The evaluation of a binary classification model versus a multi-class model, will depend somewhat on the performance characteristics discovered for the multi-class model. For example, it may turn out that performance at predicting large price is significantly better than small ones, and better than simple binary up/down prediction. These performance characteristics will be considered when making a final selection between model types.

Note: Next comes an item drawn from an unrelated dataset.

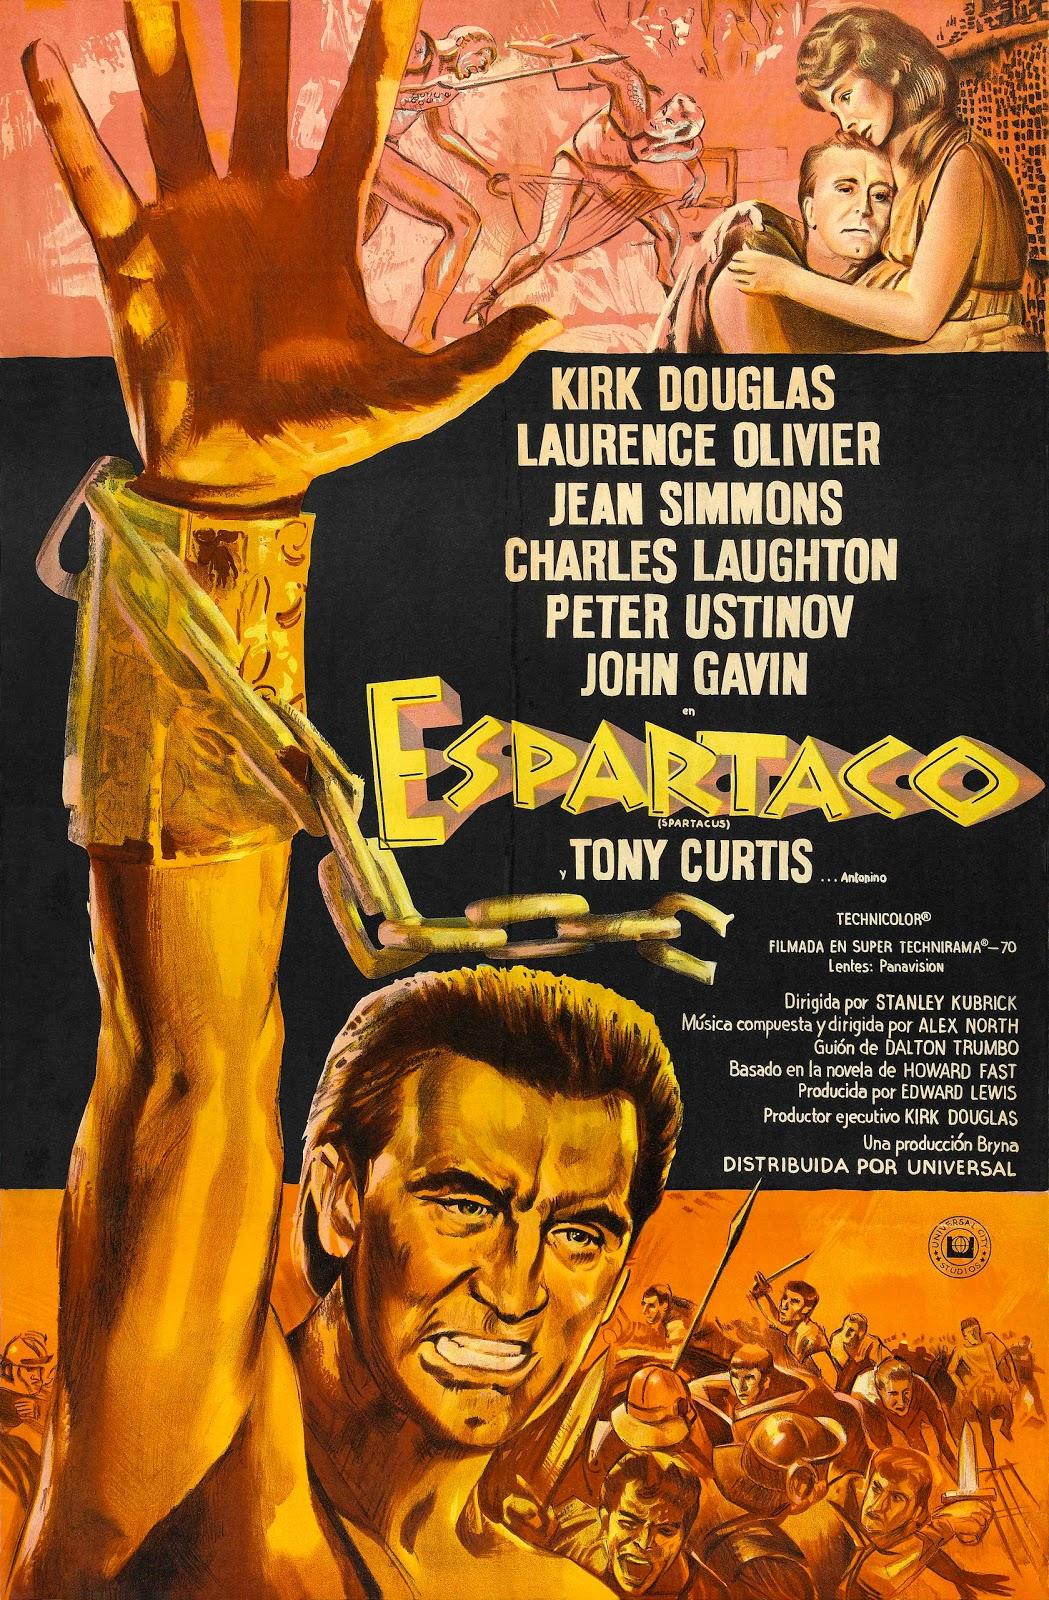 Filme Spartacus throughout o rato cinéfilo: spartacus (1960)
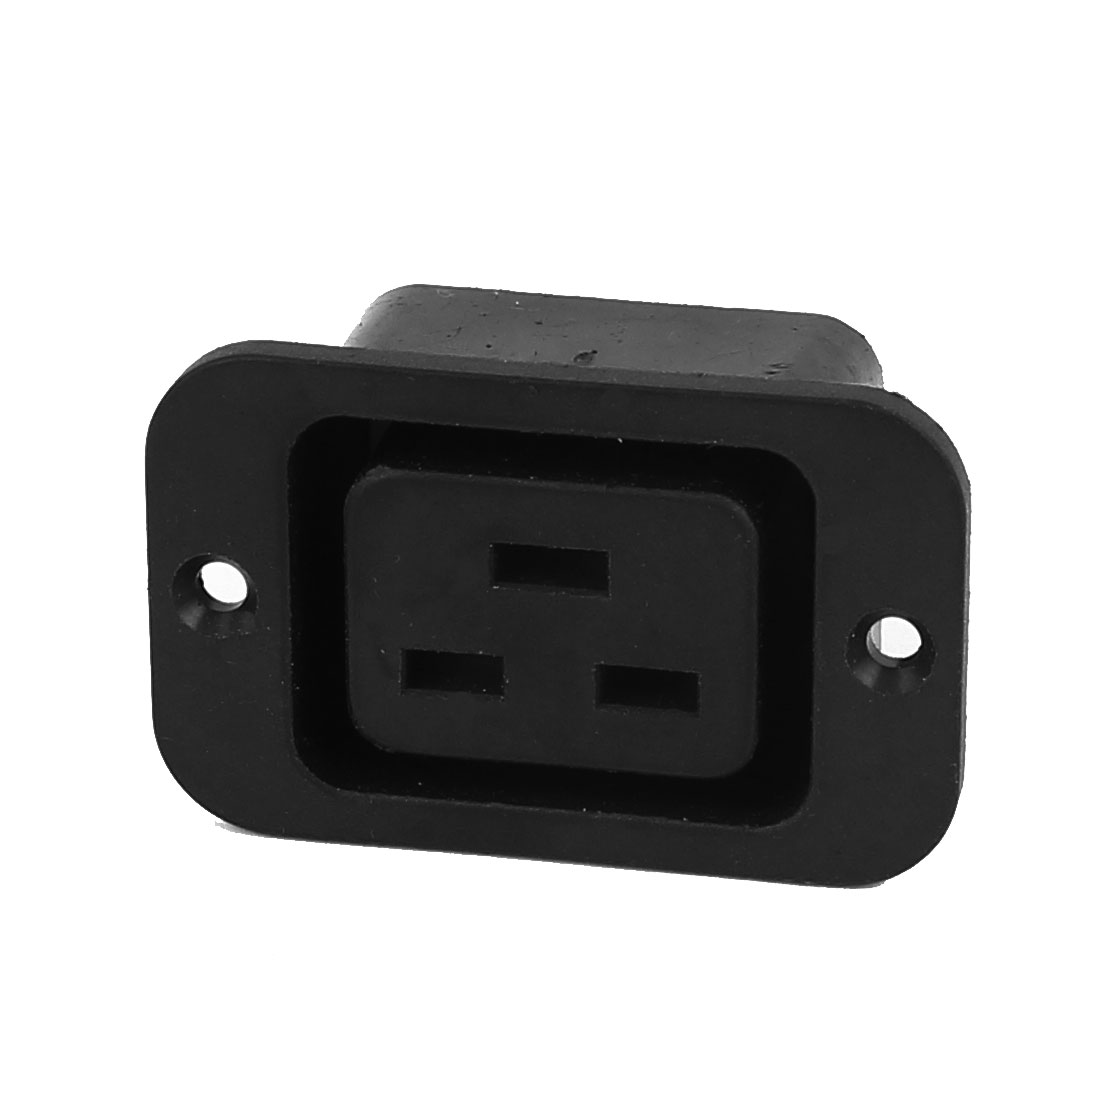 AC 250V 15A Rewirable IEC320 Series C20 Female Socket

Depending on the nature of any performance characteristics, further metrics, more directly related to use as a trading signal may be developed.


## Project Design

The project is expected to follow the following approximate workflow:

1. Download datasets for range of currency pairs and dates. 
1. Prepare training, validation and test data sets, for a single FX pair.
1. Compute descriptive statistics and visualisations of the dataset.
1. Build data pre-processing pipeline with an initial feature set (based on return series)
1. Visually investigate existence of structure in patterns of future price movement in the data, for example using T-SNE visualisations.
1. Construct baseline models, and fine tune baseline model 2 for optimal performance on training dataset.
1. Evaluate baseline models on validation data set.
1. Construct multi-layer-perceptron model
1. Train the model on the training set and evaluate the performance on the validation set.
1. Repeat with different model architectural hyperparameters (number of layers, layer width), 
1. Assess performance relative to baseline models. 
1. Investigate impact of additional features and length of lookback window
1. Investigate performance at longer term versus shorter term prediction, and select a target timescale.
1. Investigate performance when training model on dataset based on prices from multiple FX pairs.
1. Further refine hyperparameters of best performing model/dataset combination, and select this as the final model.
1. Report performance of final model on test datasets for different FX pairs, and compare with baseline model performance on the same.
1. Summarize areas for further research.




## References:
[1] https://en.wikipedia.org/wiki/Efficient-market_hypothesis  
[2] https://en.wikipedia.org/wiki/Momentum_(finance)  
[3] https://www.kaggle.com/wiki/Leakage  
[4] http://www.histdata.com/  
[5] https://en.wikipedia.org/wiki/Trend_following  
[6] Machine Learning for Sequential Data: A Review - Thomas G. Dietterich - http://web.engr.oregonstate.edu/~tgd/publications/mlsd-ssspr.pdf.